[Supplied information Boundary: Start]

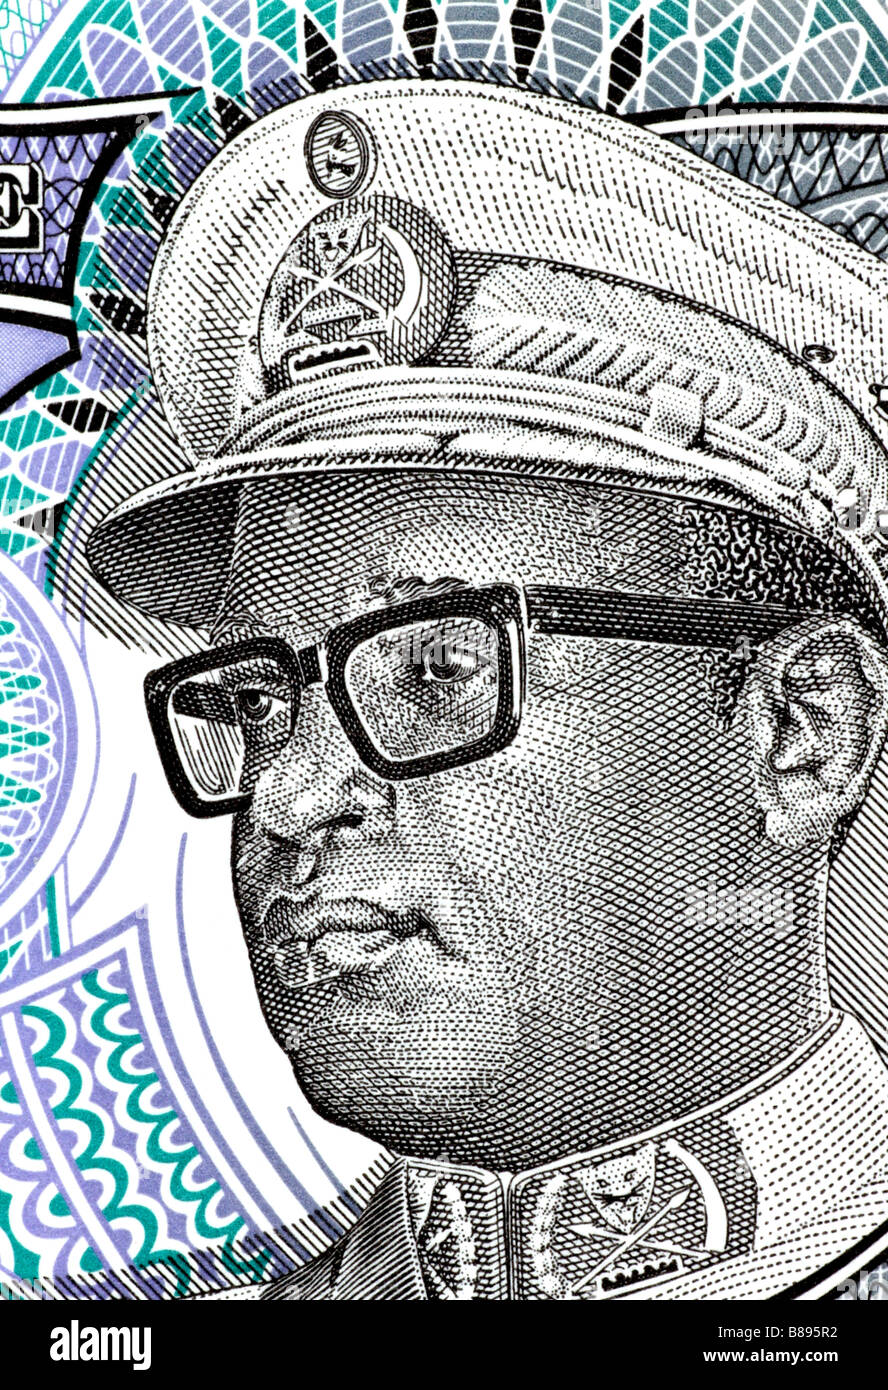 Mobutu Hoare (dragospusca) - Profile
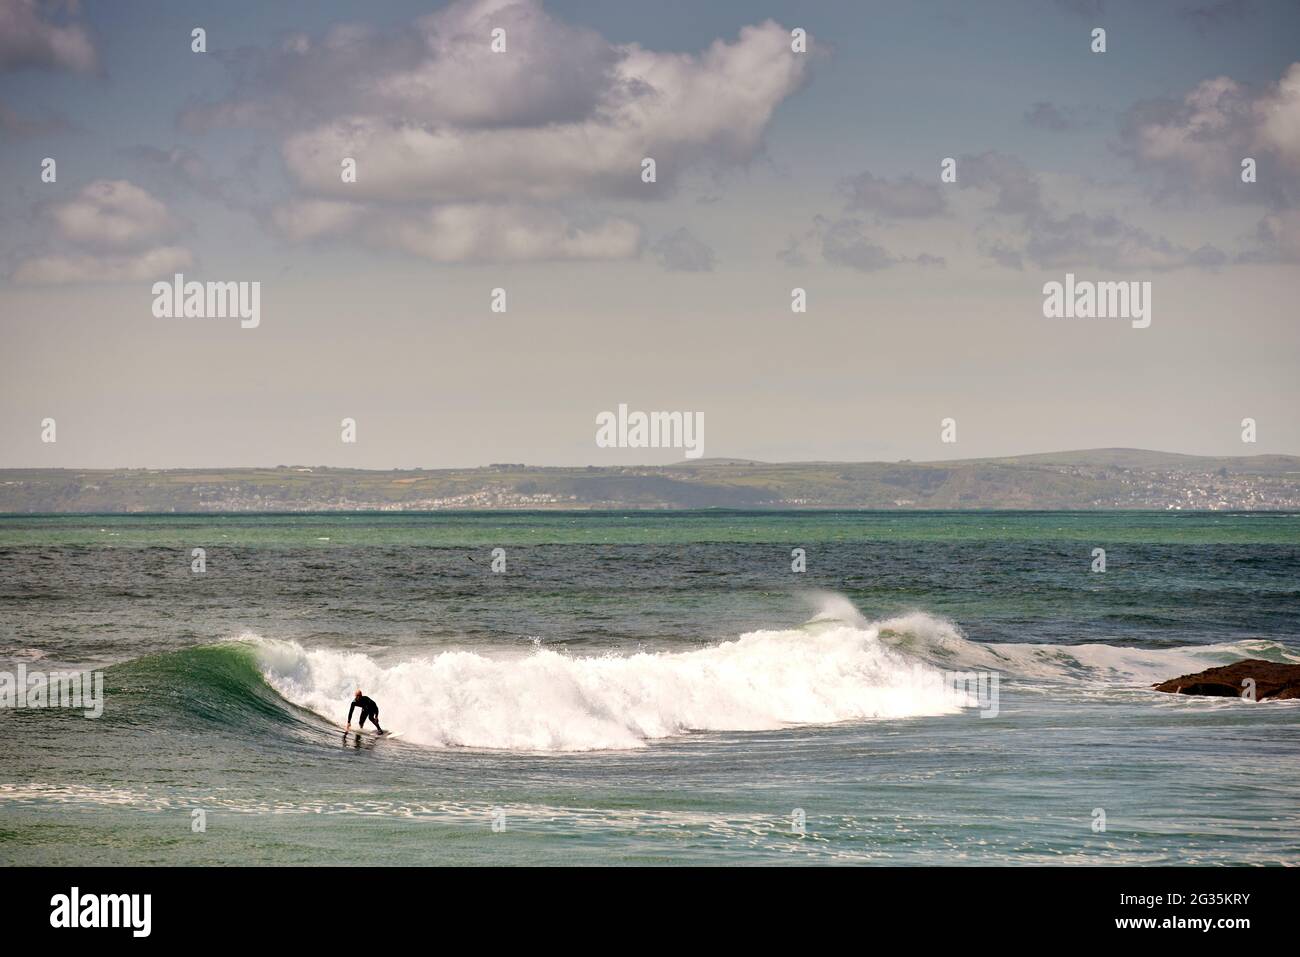 Das kornische Touristenziel Porthleven, Cornwall, England, stellte Surfer an der Küste vor, die Wellen reiten Stockfoto
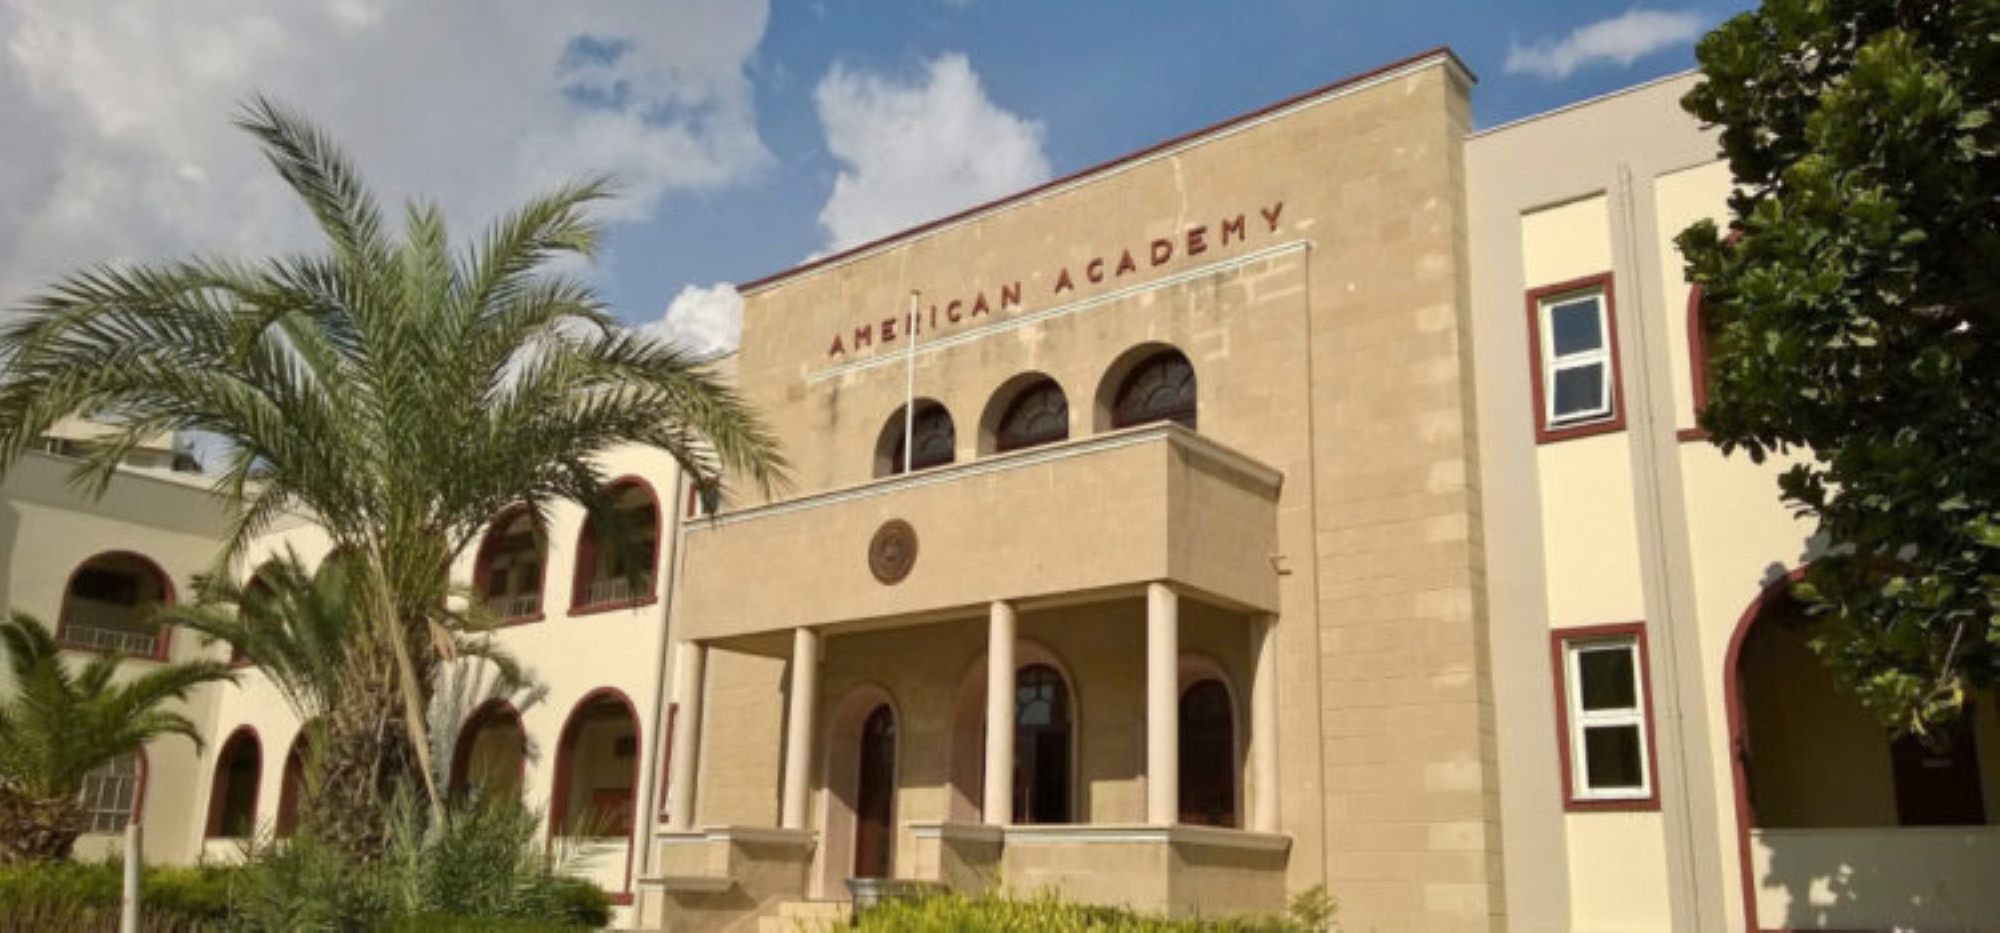 Κρούσματα στο Νηπιαγωγείο της Αμερικάνικης Ακαδημίας Λάρνακας -Δηλώσεις στο LarnakaOnline από τον εκτελεστικό διευθυντή του σχολείου
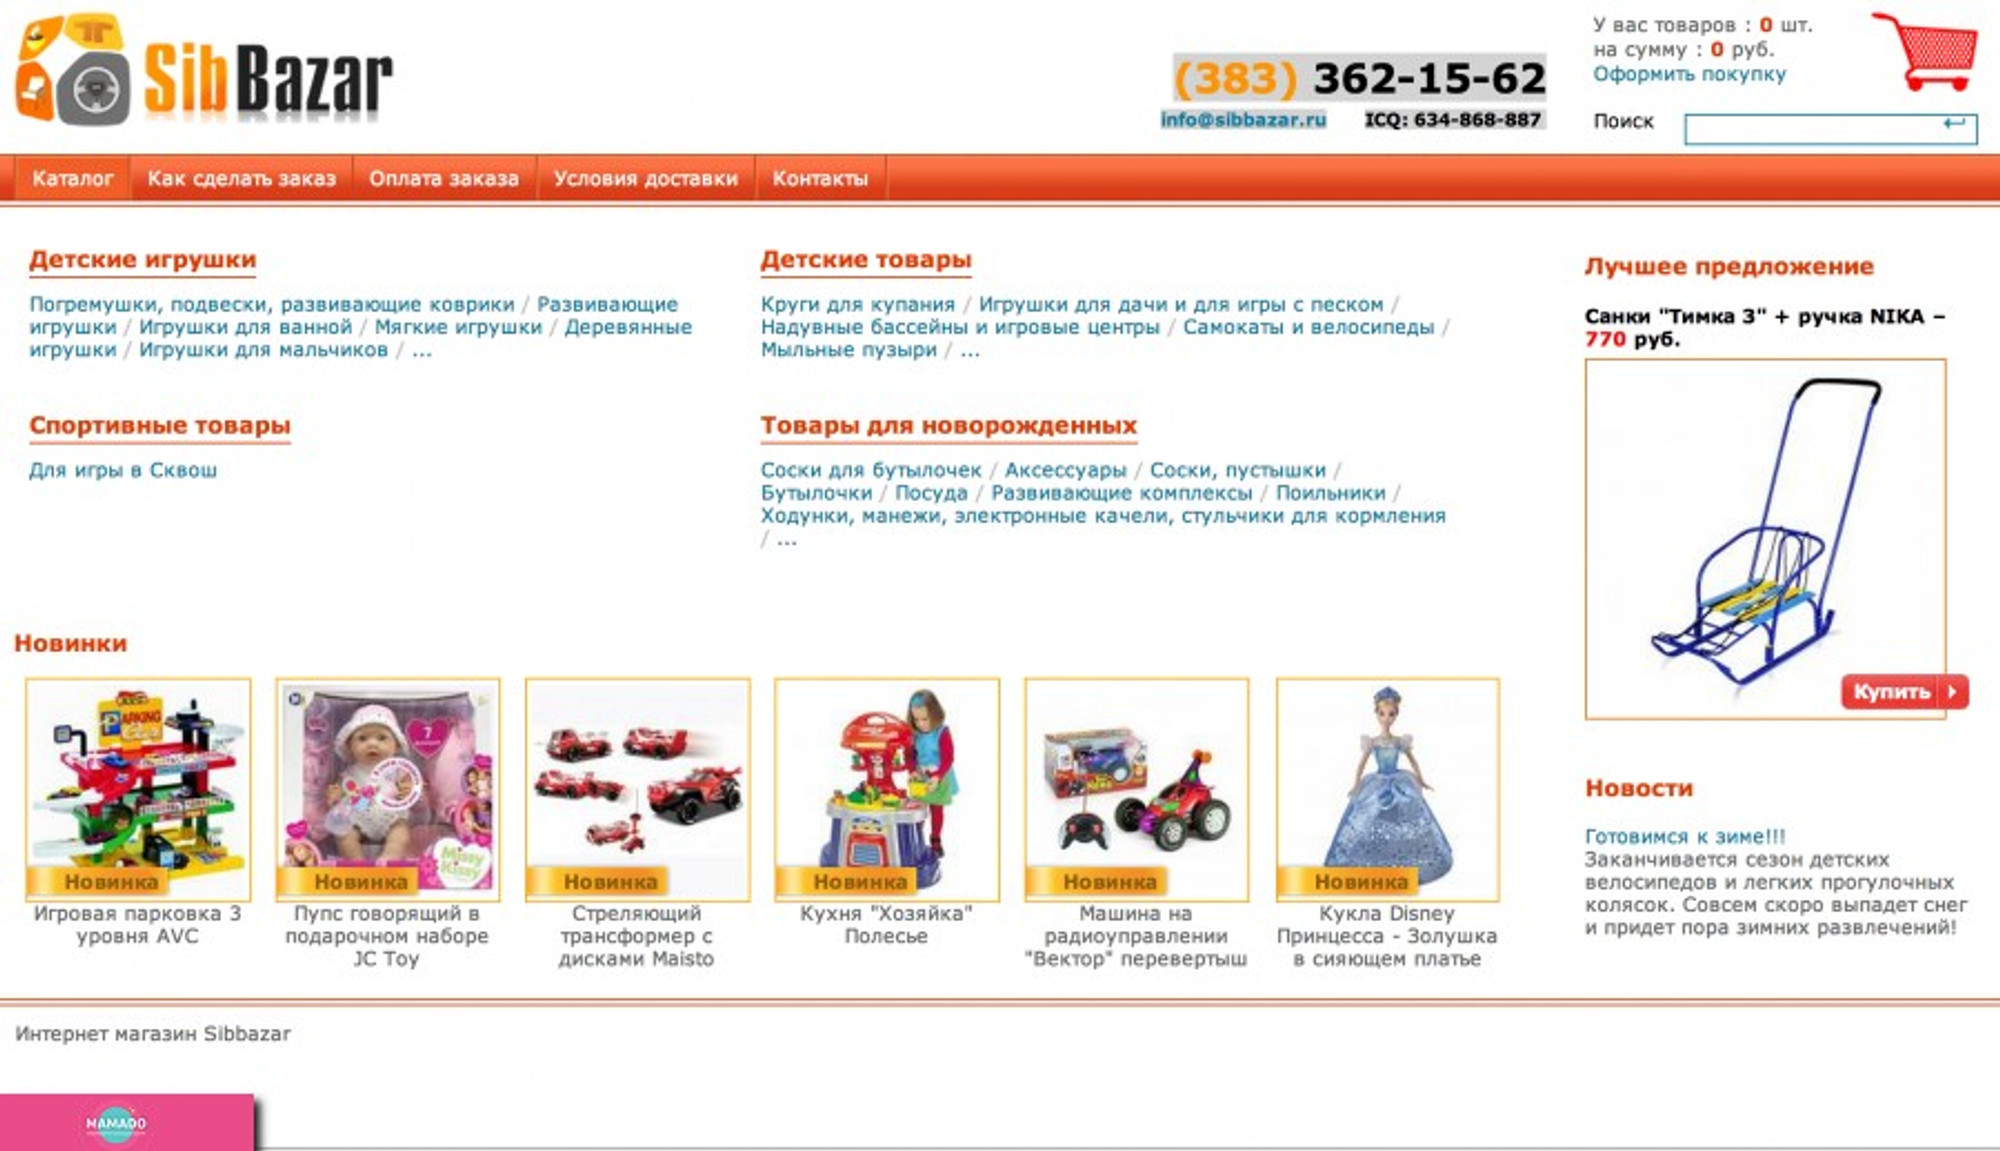 SibBazar, интернет-магазин игрушек и товаров для новорожденных в Новосибирске

[Supplied information Boundary: End]

*What the task asks*.
Would you return the whole listing above exactly as written, skipping any image?

*Answer for this exercise*.
 Mobutu Hoare (dragospusca) - Profile
 Das kornische Touristenziel Porthleven, Cornwall, England, stellte Surfer an der Küste vor, die Wellen reiten Stockfoto
 Κρούσματα στο Νηπιαγωγείο της Αμερικάνικης Ακαδημίας Λάρνακας -Δηλώσεις στο LarnakaOnline από τον εκτελεστικό διευθυντή του σχολείου
 SibBazar, интернет-магазин игрушек и товаров для новорожденных в Новосибирске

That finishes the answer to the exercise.